A free propionic acid group is a common feature of most naturally occurring Chl-catabolites and thus predestines NCCs to be also detectable in the negative ion mode (Fig. 2). The base peak of the spectrum was the deprotonated molecular ion [M–H]⁻ at m/z 643. As already shown for the positive ion-mode, the formation of dimers ([2M–H]⁻ at m/z 1287 and ([2M–2H + Na]⁻ at m/z 1309) as well as in-source fragmentation of the [M–H]⁻ were observed in the negative ion-mode too. The three in-source fragment ions (m/z 613, m/z 522, m/z 490 in the positive mode and m/z 611, m/z 520, m/z 488 in the negative mode) are due to loss of MeOH (−32), of ring D (−123), or of both (−155). This type of heterolytic fragmentation pattern is generally observed when Chl-degradation products are analyzed by ‘soft’ ionization MS methods, and thus is considered to be highly diagnostic (see also Sections 3.1 and 3.3). In the negative ion-mode the formation of dianions was not observed for NCC 1.

Fig. 2.

ESI mass spectrum in the negative ion-mode of the NCC 1, and proposed chemical structure of the [M–H]⁻-ion of 1. The signal at m/z 643 corresponds to deprotonated molecular ion [M–H]⁻; signals at m/z 611, 520 and 488 correspond to in-source fragments (NCC 1 was dissolved in 4 mM methanolic NH₄OAc). Dashed lines signify formal fragmentation modes.

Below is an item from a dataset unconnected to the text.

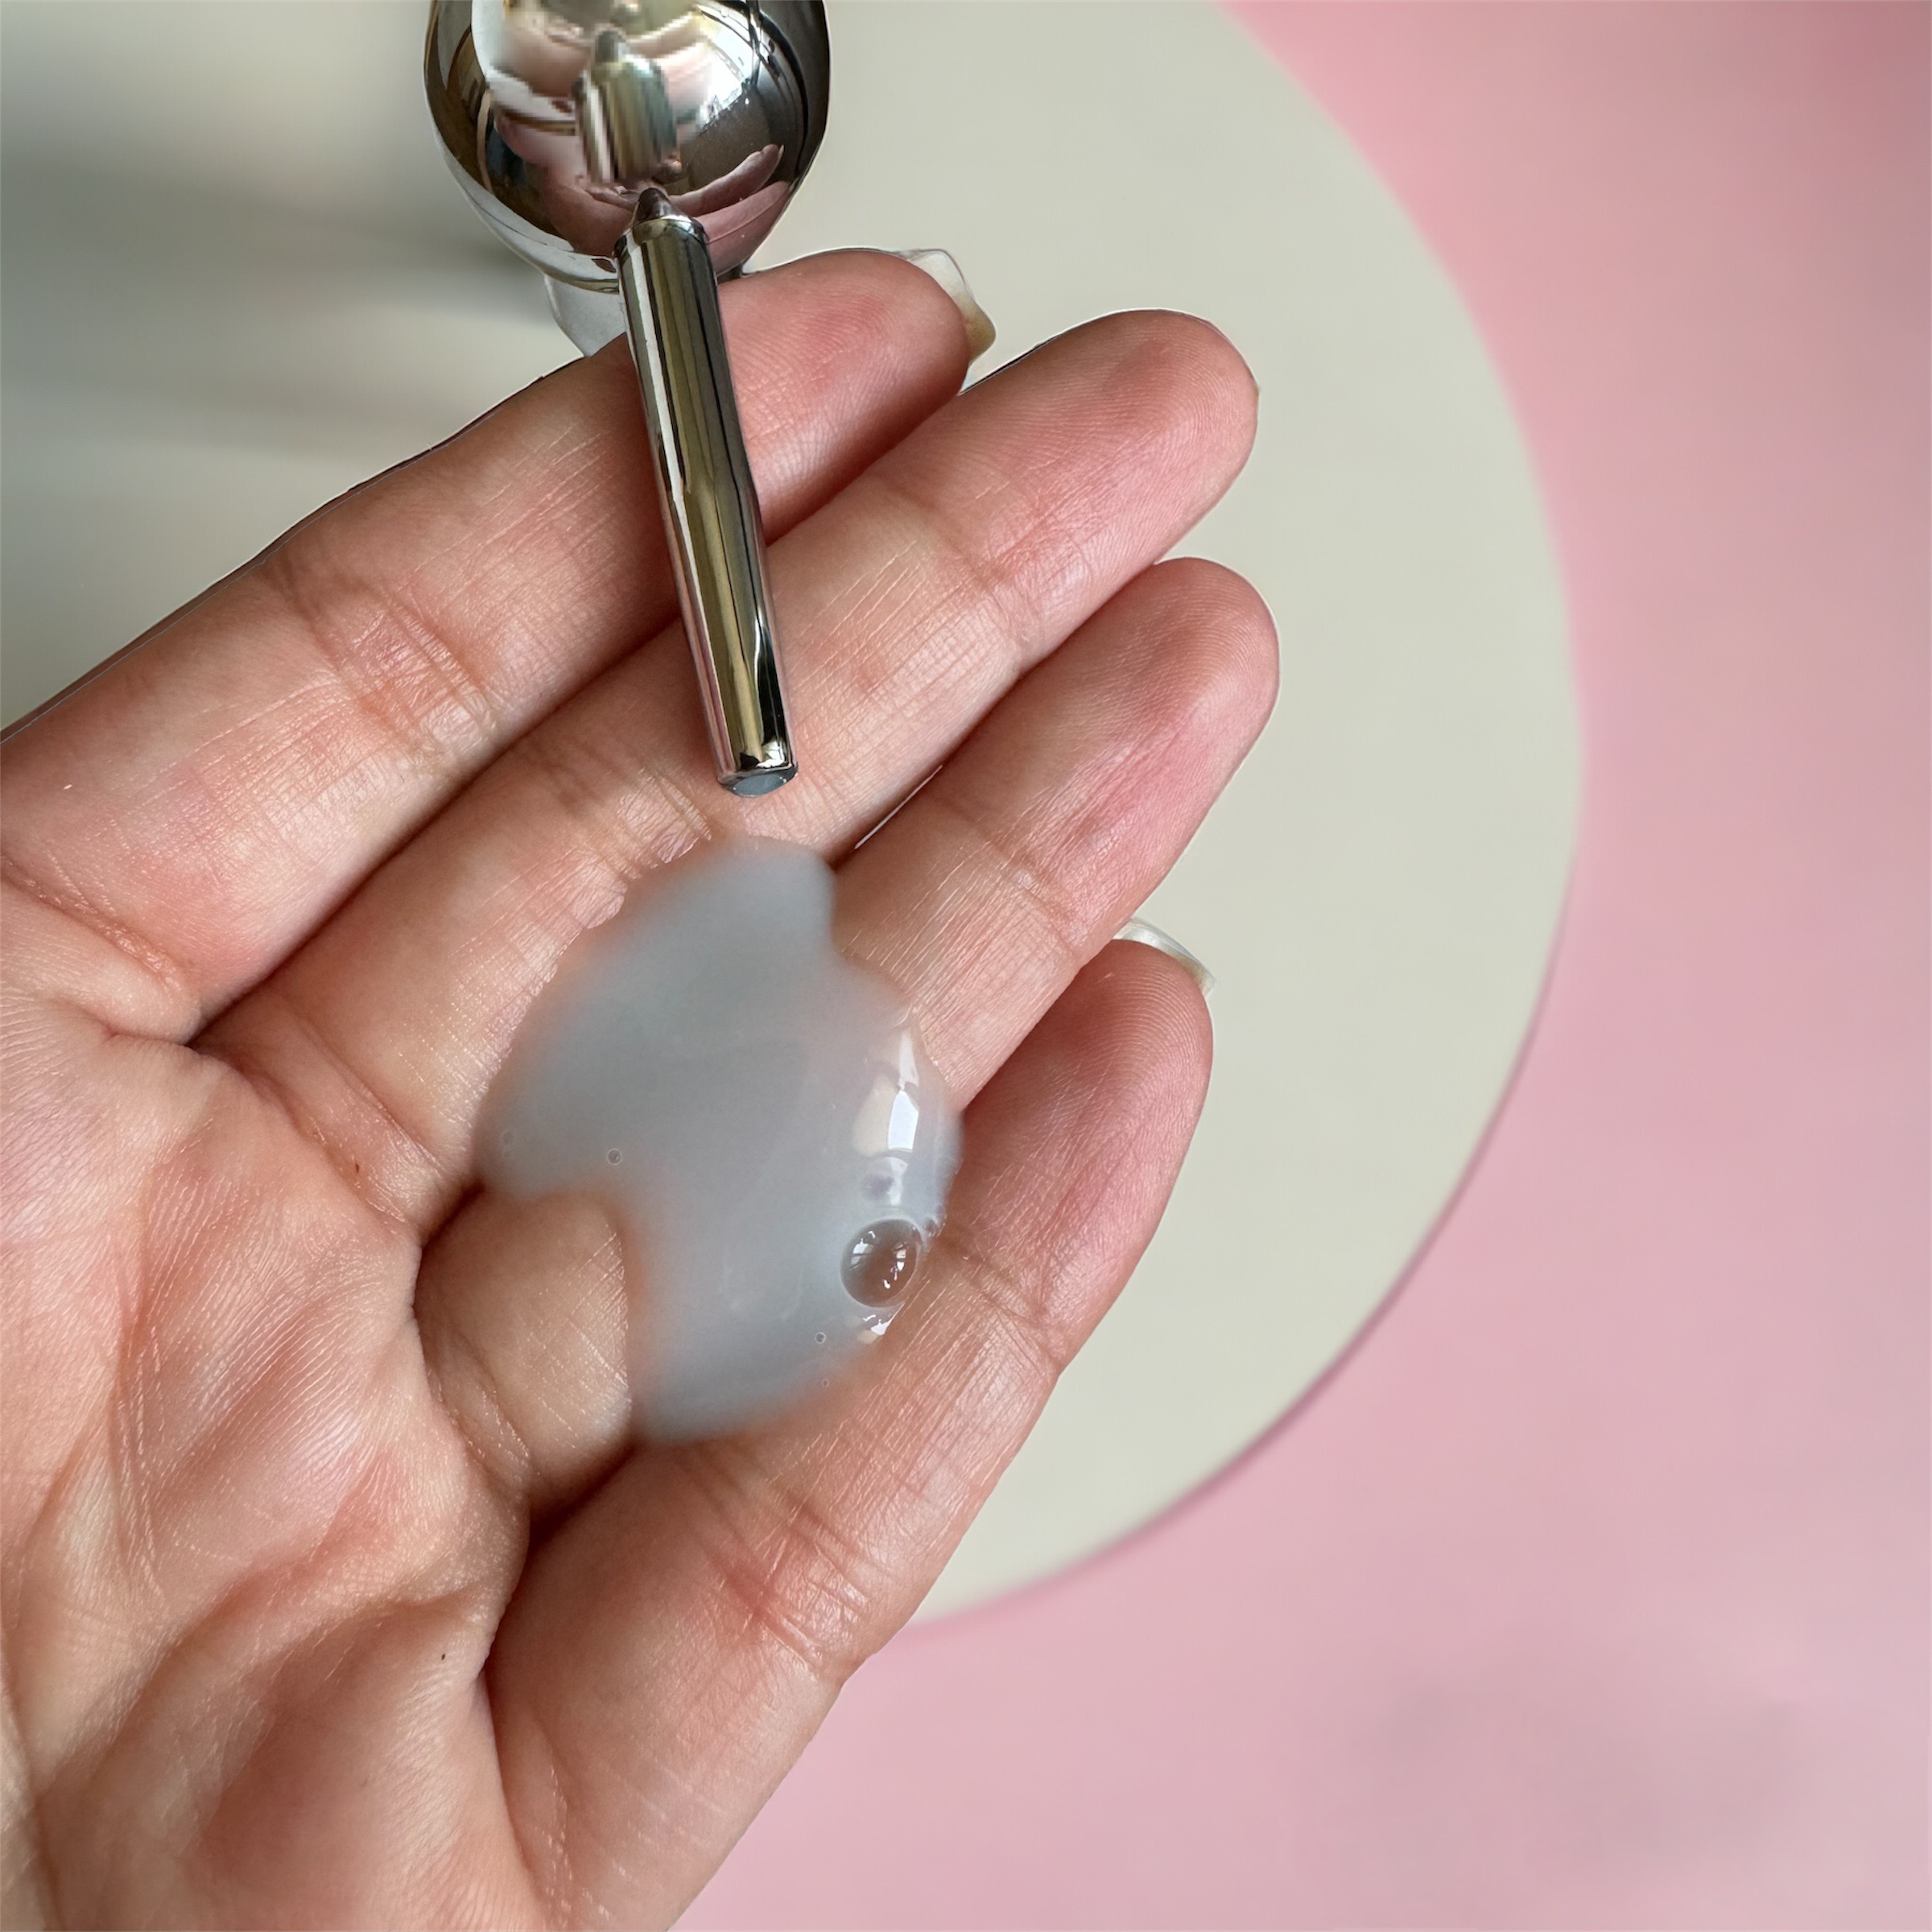 Dott Cream-Soap Mystic Touch

The fragmentation behavior of the isolated pseudo-molecular ions in the gas phase was studied in the positive (Fig. 3) as well as negative ion-mode (Fig. 4). Collision-induced dissociation (CID) MS/MS experiments were carried out on a Thermo-Finnigan LCQ quadrupole ion trap, applying normalized collision energy of 25% to the isolated ions. Dimeric ions showed complete dissociation of the dimer at normalized collision energies higher than 15%. For the determination of the elemental composition of parent as well as fragment ions high-resolution MS/MS was performed on a Bruker FT-ICR instrument. The [M + H]⁺, [M + Na]⁺ and [M + K]⁺ ions were selected as precursors and fragmented in the linear hexapole ion trap floated with argon. The collision energy was kept at the same level (20 V) for all three types of pseudo-molecular ions. Although it is possible that Na⁺ and K⁺ are also fragment ions, high resolution spectra were usually recorded in the mass range from m/z 200 to m/z 1500. As can be seen in Fig. 3, the number of fragment ions was decreasing depending on the charging cation (H⁺ > Na⁺ > K⁺), hence most structural information is provided by the MS/MS analysis of the [M + H]⁺ ion (see Fig. 3A–C). As a rule, a mass spectrum of a tetrapyrrolic NCC indicates four important types of fragmentation reactions, which will be discussed in detail: (i) the loss of methanol in case of a methoxycarbonyl functionality at the 8²-position, (ii) the loss of water and carbon monoxide, (iii) cleavages at the so-called meso-positions C5, C10 and C15, and (iv) decarboxylation reactions. All losses of neutral fragments could unambiguously be identified with the help of the high-resolution data of the remaining cation (see Supporting information, Fig. S3).

Fig. 3.

High-resolution MS/MS experiments (CID) of the isolated pseudo-molecular ions of 1: (A) [M + H]⁺ (m/z 645), (B) [M + Na]⁺ (m/z 667) and (C) [M + K]⁺ (m/z 683). Collision energy level at the quadrupole of the Bruker FT-ICR instrument was kept constant at 20 V (see also Supporting information Fig. S3).

Fig. 4.

MS/MS experiments (CID) of the isolated deprotonated pseudo-molecular ion [M–H]⁻ (m/z 643) of 1.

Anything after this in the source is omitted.